Computes the principal components, explained variances, singular values, and column means from the input data.
- Parameters:
- paramsParams
PCA parameters.
params.copyshould be True if you intend to reuse X after this call.- Xdevice array-like, shape (n_samples, n_features), float32
Input data (will be converted to col-major device memory).
- resourcesOptional cuVS Resource handle for reusing CUDA resources.
If Resources aren’t supplied, CUDA resources will be allocated inside this function and synchronized before the function exits. If resources are supplied, you will need to explicitly synchronize yourself by calling
resources.sync()before accessing the output.
- Returns:
- FitOutput
Named tuple with fields:
components,explained_var,explained_var_ratio,singular_vals,mu,noise_vars.
Examples
>>> import cupy as cp >>> from cuvs.preprocessing import pca >>> X = cp.random.random_sample((500, 32), dtype=cp.float32) >>> params = pca.Params(n_components=8, copy=True) >>> result = pca.fit(params, X) >>> result.components.shape (8, 32)
- cuvs.preprocessing.pca.fit_transform(Params params, X, resources=None)[source]#
Compute PCA and transform the input data in a single operation.
- Parameters:
- paramsParams
PCA parameters.
- Xdevice array-like, shape (n_samples, n_features), float32
Input data (will be converted to col-major device memory).
- resourcesOptional cuVS Resource handle for reusing CUDA resources.
If Resources aren’t supplied, CUDA resources will be allocated inside this function and synchronized before the function exits. If resources are supplied, you will need to explicitly synchronize yourself by calling
resources.sync()before accessing the output.
- Returns:
- FitTransformOutput
Named tuple with fields:
trans_input,components,explained_var,explained_var_ratio,singular_vals,mu,noise_vars.
Examples
>>> import cupy as cp >>> from cuvs.preprocessing import pca >>> X = cp.random.random_sample((500, 32), dtype=cp.float32) >>> params = pca.Params(n_components=8) >>> result = pca.fit_transform(params, X) >>> result.trans_input.shape (500, 8)
- cuvs.preprocessing.pca.transform(
- Params params,
- X,
- components,
- singular_vals,
- mu,
- trans_input=None,
- resources=None,
Transform data into the PCA eigenspace.
Uses previously computed principal components from
fit()orfit_transform().- Parameters:
- paramsParams
PCA parameters (must match those used during fit).
- Xdevice array-like, shape (n_samples, n_features), float32
Data to transform.
- componentsdevice array-like, shape (n_components, n_features)
Principal components from a prior fit.
- singular_valsdevice array-like, shape (n_components,)
Singular values from a prior fit.
- mudevice array-like, shape (n_features,)
Column means from a prior fit.
- trans_inputoptional device array, shape (n_samples, n_components)
Pre-allocated output buffer (col-major, float32).
- resourcesOptional cuVS Resource handle for reusing CUDA resources.
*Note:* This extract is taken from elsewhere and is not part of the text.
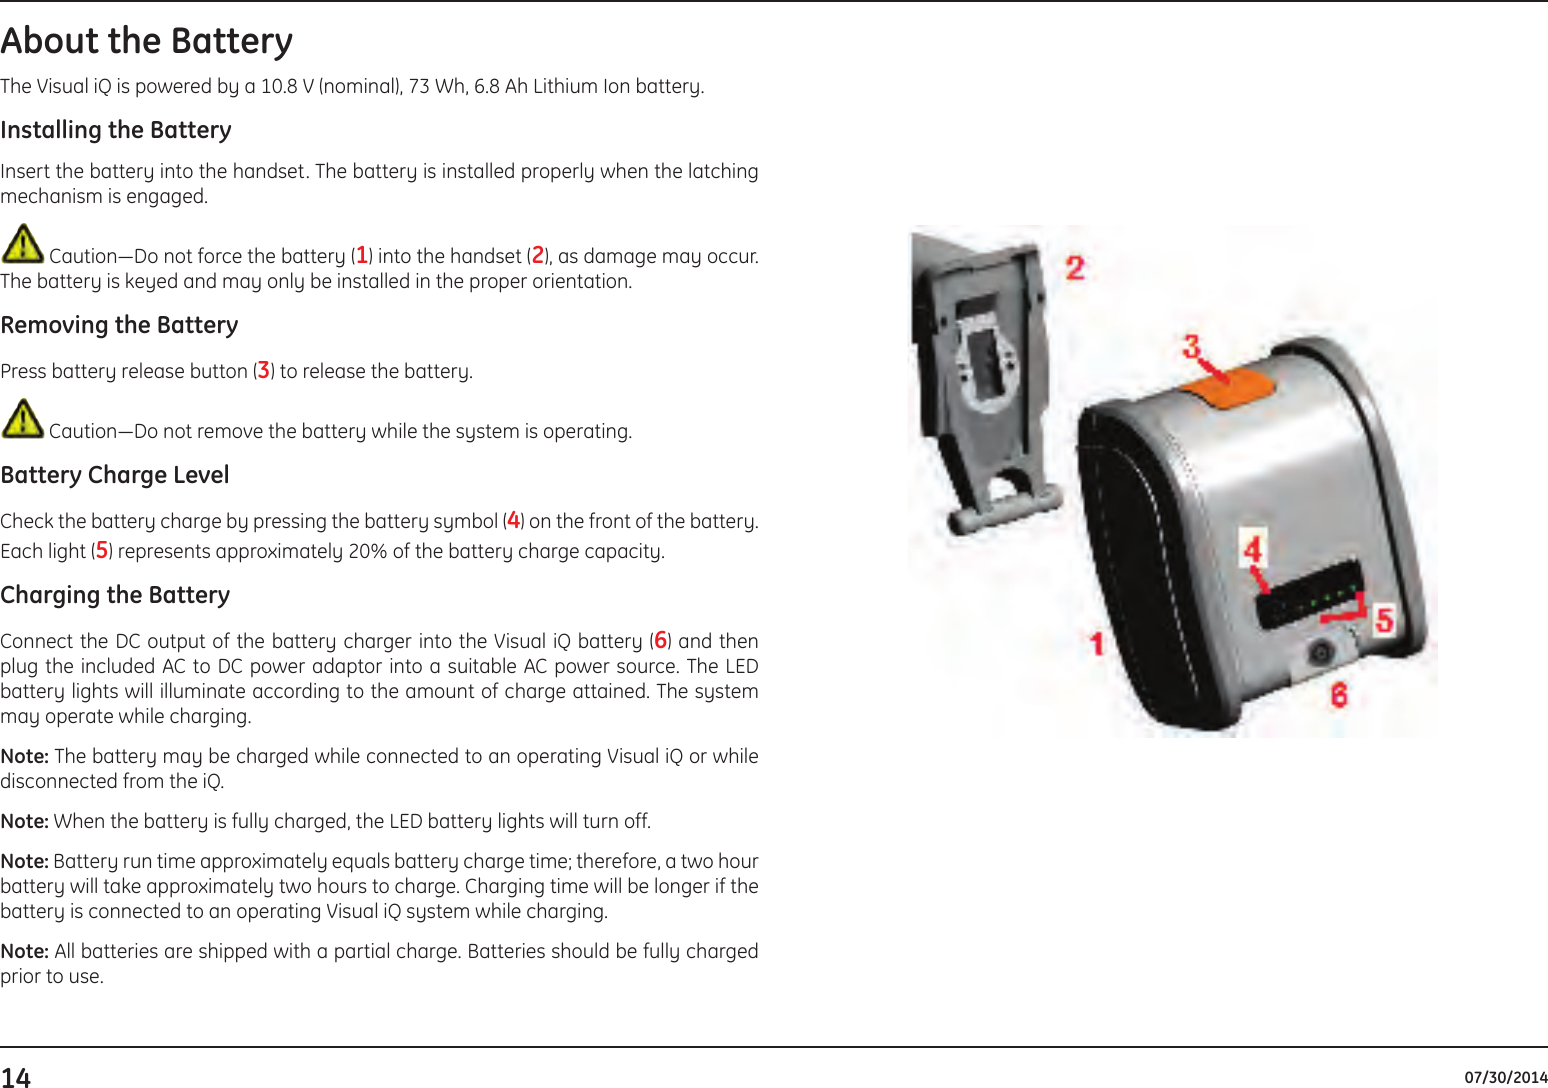 14 07/30/2014About the BatteryThe Visual iQ is powered by a 10.8 V (nominal), 73 Wh, 6.8 Ah Lithium Ion battery.Installing the BatteryInsert the battery into the handset. The battery is installed properly when the latching mechanism is engaged. Caution—Do not force the battery (1) into the handset (2), as damage may occur. The battery is keyed and may only be installed in the proper orientation.Removing the BatteryPress battery release button (3) to release the battery.  Caution—Do not remove the battery while the system is operating.Battery Charge LevelCheck the battery charge by pressing the battery symbol (4) on the front of the battery. Each light (5) represents approximately 20% of the battery charge capacity.Charging the BatteryConnect the DC output of the battery charger into the Visual iQ battery (6) and then plug the included AC to DC power adaptor into a suitable AC power source. The LED battery lights will illuminate according to the amount of charge attained. The system may operate while charging.Note: The battery may be charged while connected to an operating Visual iQ or while disconnected from the iQ. Note: When the battery is fully charged, the LED battery lights will turn off.Note: Battery run time approximately equals battery charge time; therefore, a two hour battery will take approximately two hours to charge. Charging time will be longer if the battery is connected to an operating Visual iQ system while charging. Note: All batteries are shipped with a partial charge. Batteries should be fully charged prior to use.

If Resources aren’t supplied, CUDA resources will be allocated inside this function and synchronized before the function exits. If resources are supplied, you will need to explicitly synchronize yourself by calling
resources.sync()before accessing the output.
- Returns:
- trans_inputdevice array, shape (n_samples, n_components)
Examples
>>> import cupy as cp >>> from cuvs.preprocessing import pca >>> X = cp.random.random_sample((500, 32), dtype=cp.float32) >>> params = pca.Params(n_components=8, copy=True) >>> result = pca.fit(params, X) >>> transformed = pca.transform(params, X, result.components, ... result.singular_vals, result.mu)
- cuvs.preprocessing.pca.inverse_transform(
- Params params,
- trans_input,
- components,
- singular_vals,
- mu,
- output=None,
- resources=None,
Transform data from the PCA eigenspace back to the original space.
- Parameters:
- paramsParams
PCA parameters (must match those used during fit).
- trans_inputdevice array-like, shape (n_samples, n_components)
Transformed data from
transform()orfit_transform().- componentsdevice array-like, shape (n_components, n_features)
Principal components from a prior fit.
- singular_valsdevice array-like, shape (n_components,)
Singular values from a prior fit.
- mudevice array-like, shape (n_features,)
Column means from a prior fit.
- outputoptional device array, shape (n_samples, n_features)
Pre-allocated output buffer (col-major, float32).
- resourcesOptional cuVS Resource handle for reusing CUDA resources.
If Resources aren’t supplied, CUDA resources will be allocated inside this function and synchronized before the function exits. If resources are supplied, you will need to explicitly synchronize yourself by calling
resources.sync()before accessing the output.
- Returns:
- outputdevice array, shape (n_samples, n_features)
Reconstructed data.
Examples
>>> import cupy as cp >>> from cuvs.preprocessing import pca >>> X = cp.random.random_sample((500, 32), dtype=cp.float32) >>> params = pca.Params(n_components=8) >>> result = pca.fit_transform(params, X) >>> reconstructed = pca.inverse_transform( ... params, result.trans_input, result.components, ... result.singular_vals, result.mu)
Binary Quantizer#
- cuvs.preprocessing.quantize.binary.transform(dataset, output=None, resources=None)[source]#
Applies binary quantization transform to given dataset
This applies binary quantization to a dataset, changing any positive values to a bitwise 1. This is useful for searching with the BitwiseHamming distance type.
- Parameters:
- datasetrow major host or device dataset to transform
- outputoptional preallocated output memory, on host or device memory
- resourcesOptional cuVS Resource handle for reusing CUDA resources.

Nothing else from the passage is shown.